In Raleigh, Looking to the Long Term

The best thing about working with the state of North Carolina, Raleigh-based architect Clymer Cease says, is that the client takes the long view.

“They make decisions that might be more costly in the short term, but the total cost is lower,” he says.

He cites the new Green Square parking deck, a cast-in-place concrete structure at the intersection of Edenton and McDowell Streets in downtown Raleigh, as an example.

There, the entire roof, 130 feet wide and 220 feet long, is layered with a 250 kilowatt photovoltaic system that puts out 234,000 kilowatt hours each year, and returns power to the Progress Energy grid.

“It’s the equivalent reduction of 232 tons of carbon dioxide,” the partner in Pearce Brinkley Cease + Lee says.

The deck with space for 900 cars above grade and another 400 below also reduces maintenance cost with LED lighting that’s initially more expensive, but provides 50,000 hours of light versus 12,000 for cheaper fluorescents.  A 70,000-gallon cistern stores water from the PV cells on the roof, which is then tapped to irrigate the grounds of the state capitol nearby.

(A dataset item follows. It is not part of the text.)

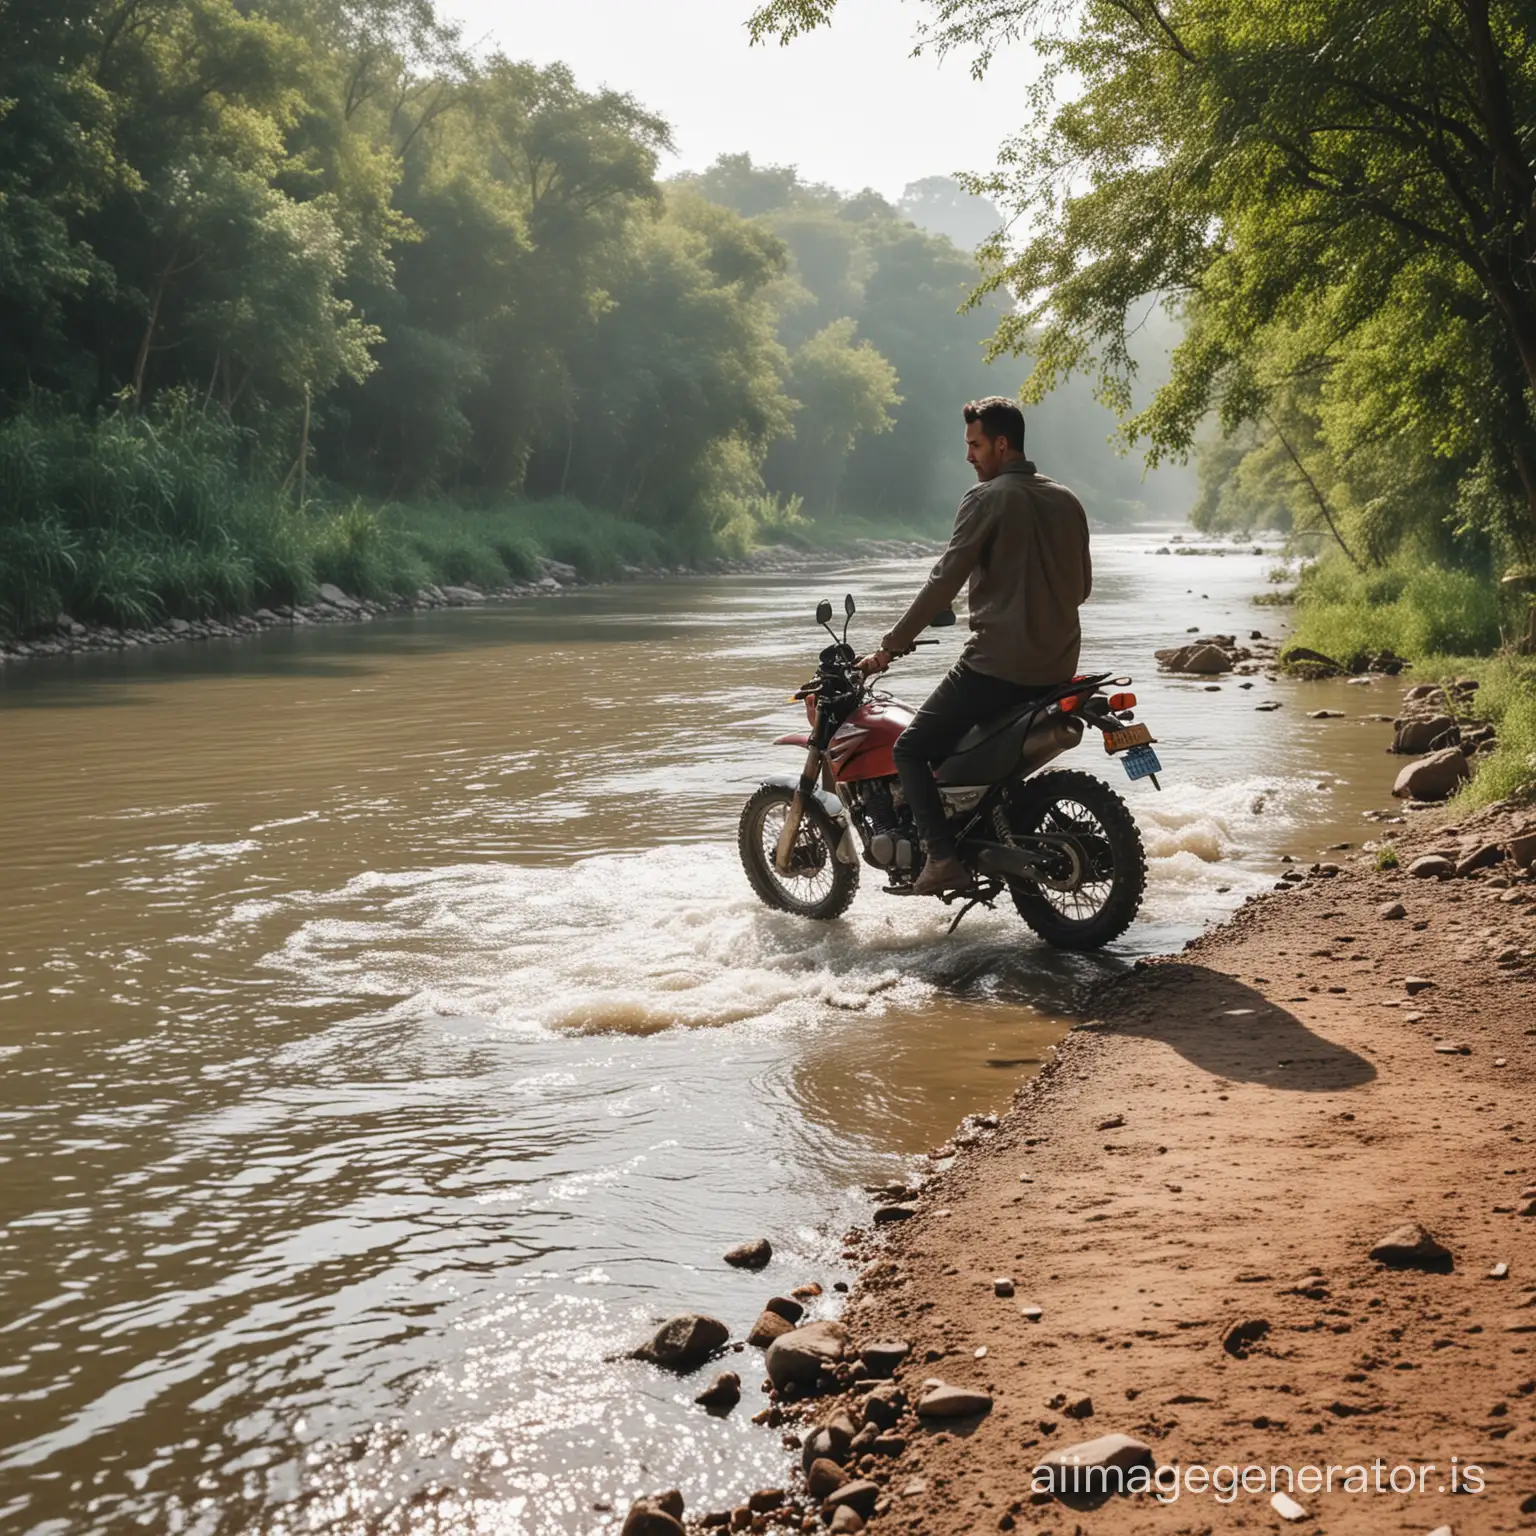 Man on motorbike down by the river
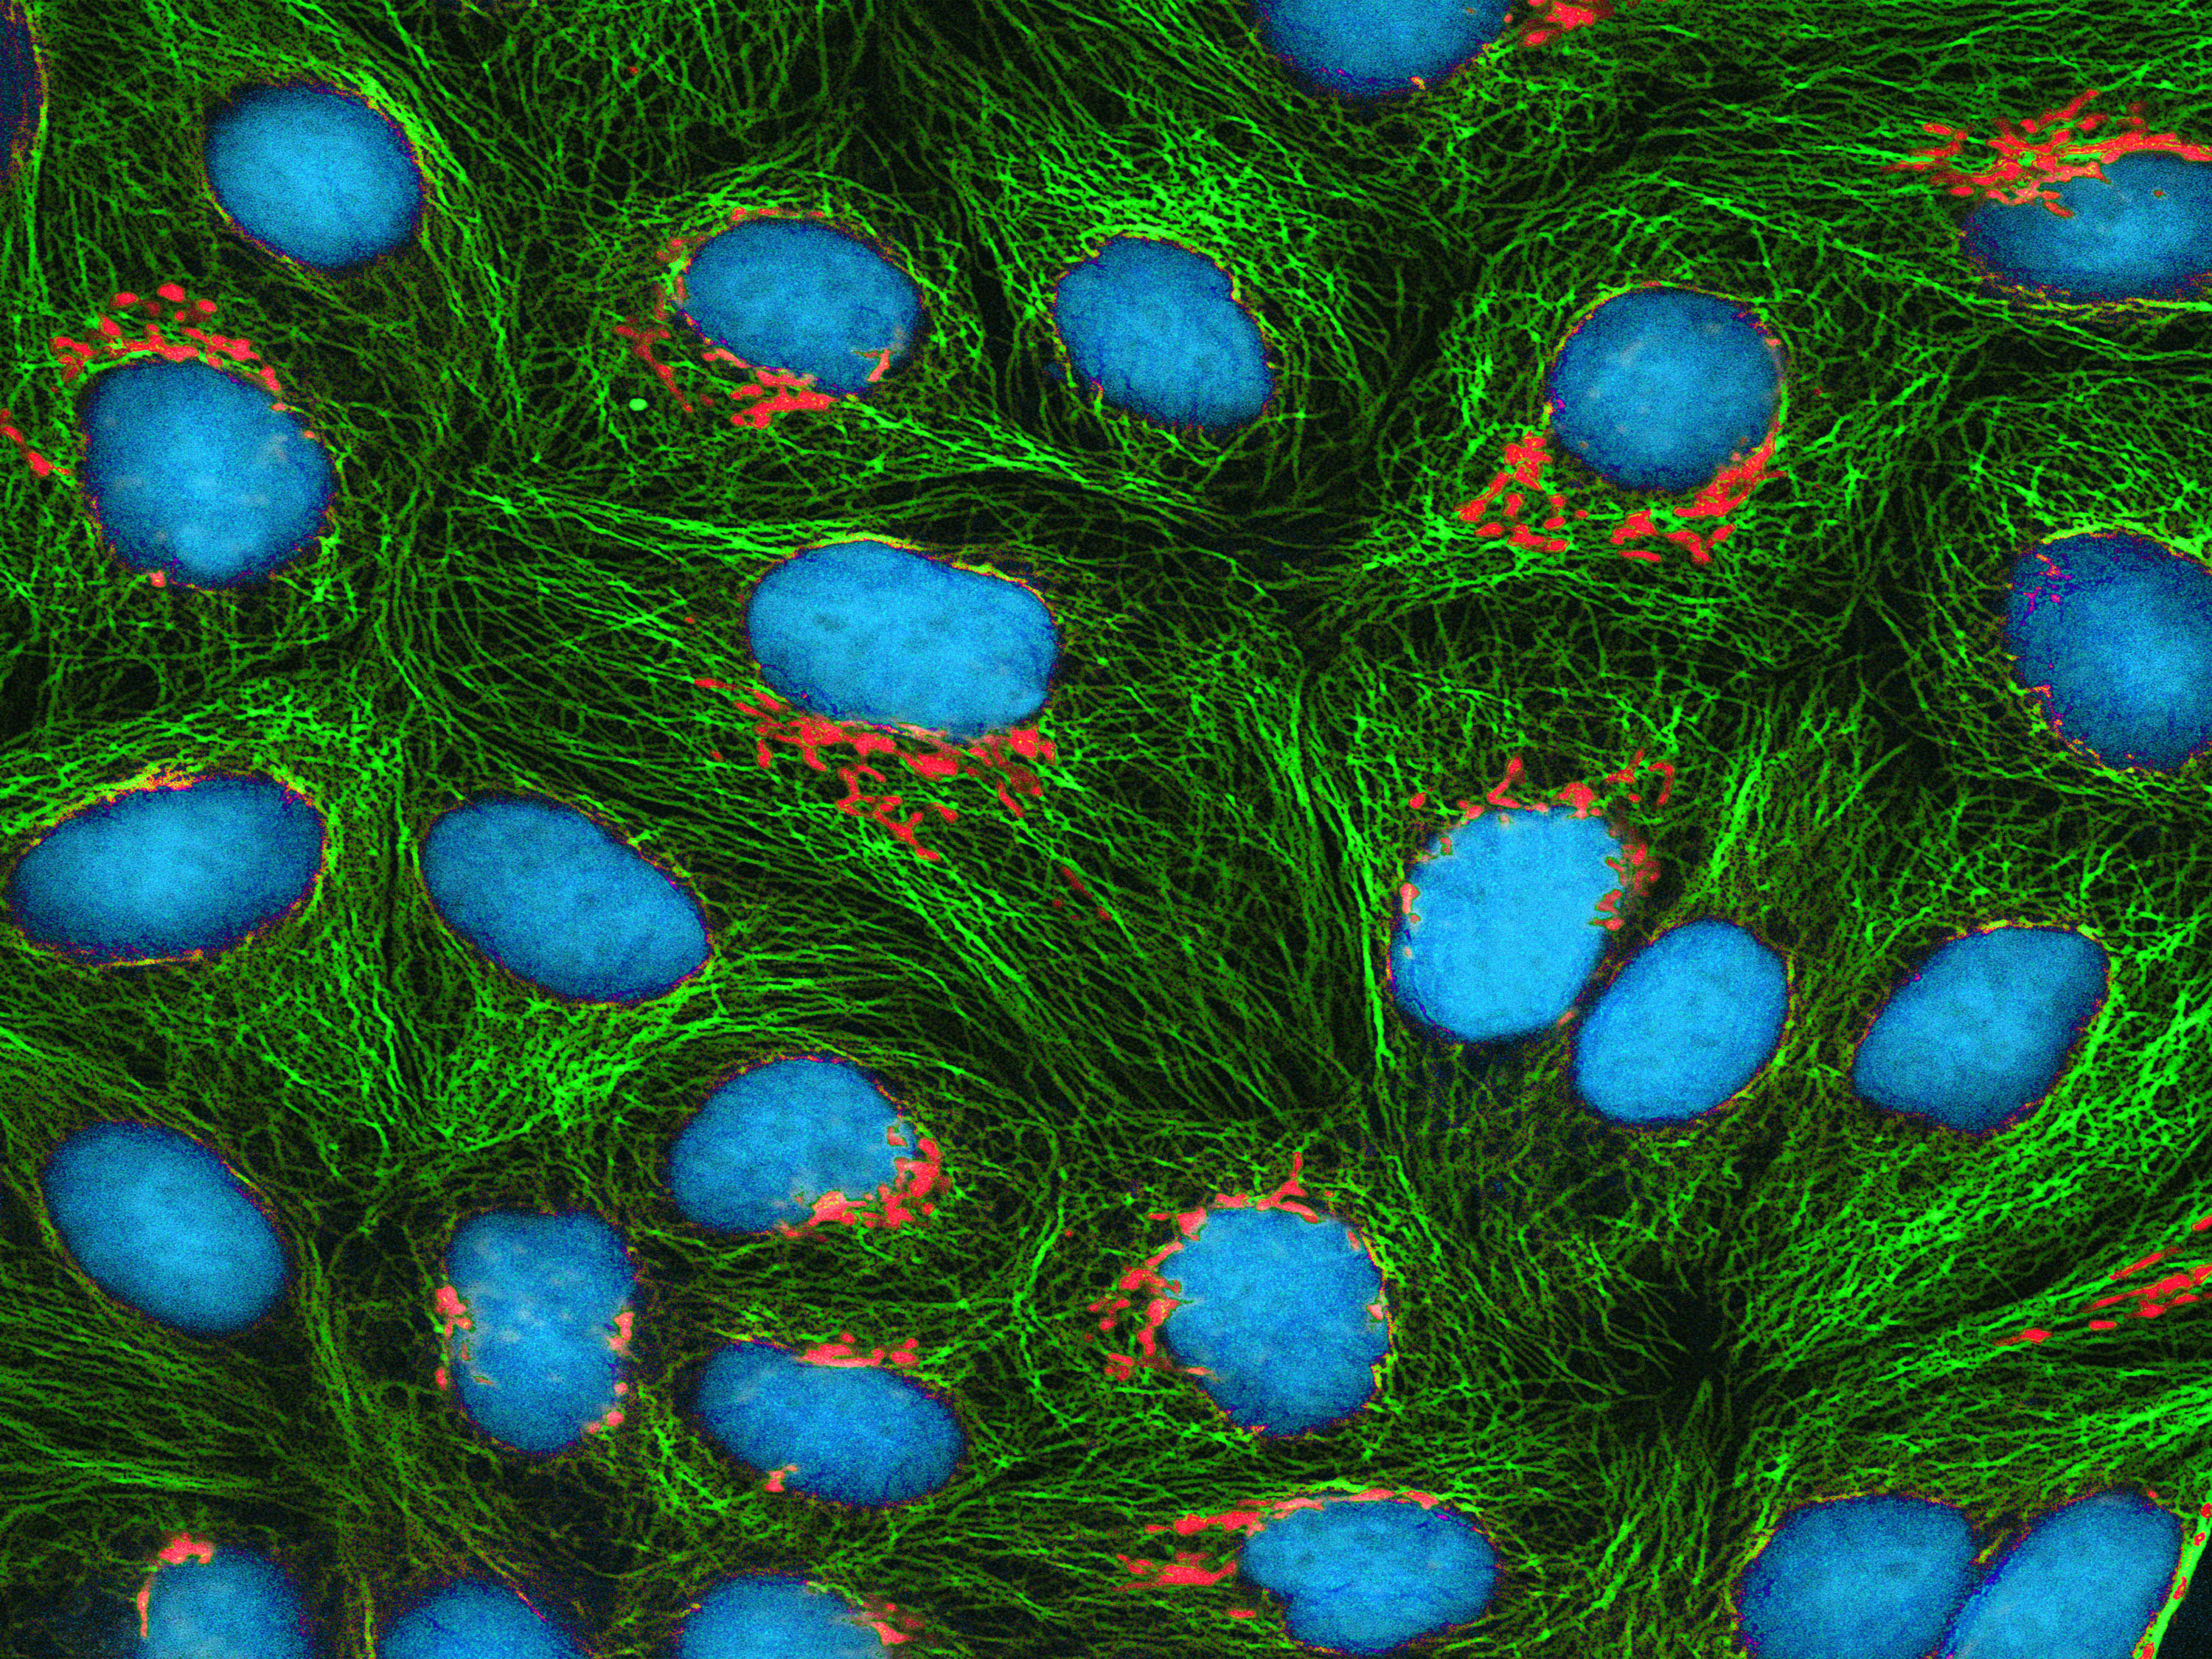 An image of HeLa cells, a human cell line used for research, as seen under an electron microscope. Image created by Thomas Deerinck.

Inside, 23 car charging stations are reserved in preferred locations, restricted for electric-powered vehicles.

Outside, the challenges lay in shoehorning the structure in between its existing neighbors.  “We were trying to be compatible on the block, next to 1950s limestone building and a brand new museum that was going up,” he says.  “We wanted to work in a vocabulary that would complement both – with a good piece of architecture and not just a place to park cars.”

The building manages to make its own statement too, with anodized aluminum fins that provide reflective light during day and night as cars move inside and out.  “They allow you to see the building, to see by the building and to see through the building,” he says.  “They allow a lot of daylight to come in too – it’s much brighter during the daytime because we’re not blocking the light out.”

For a parking deck, that’s a new way of seeing things.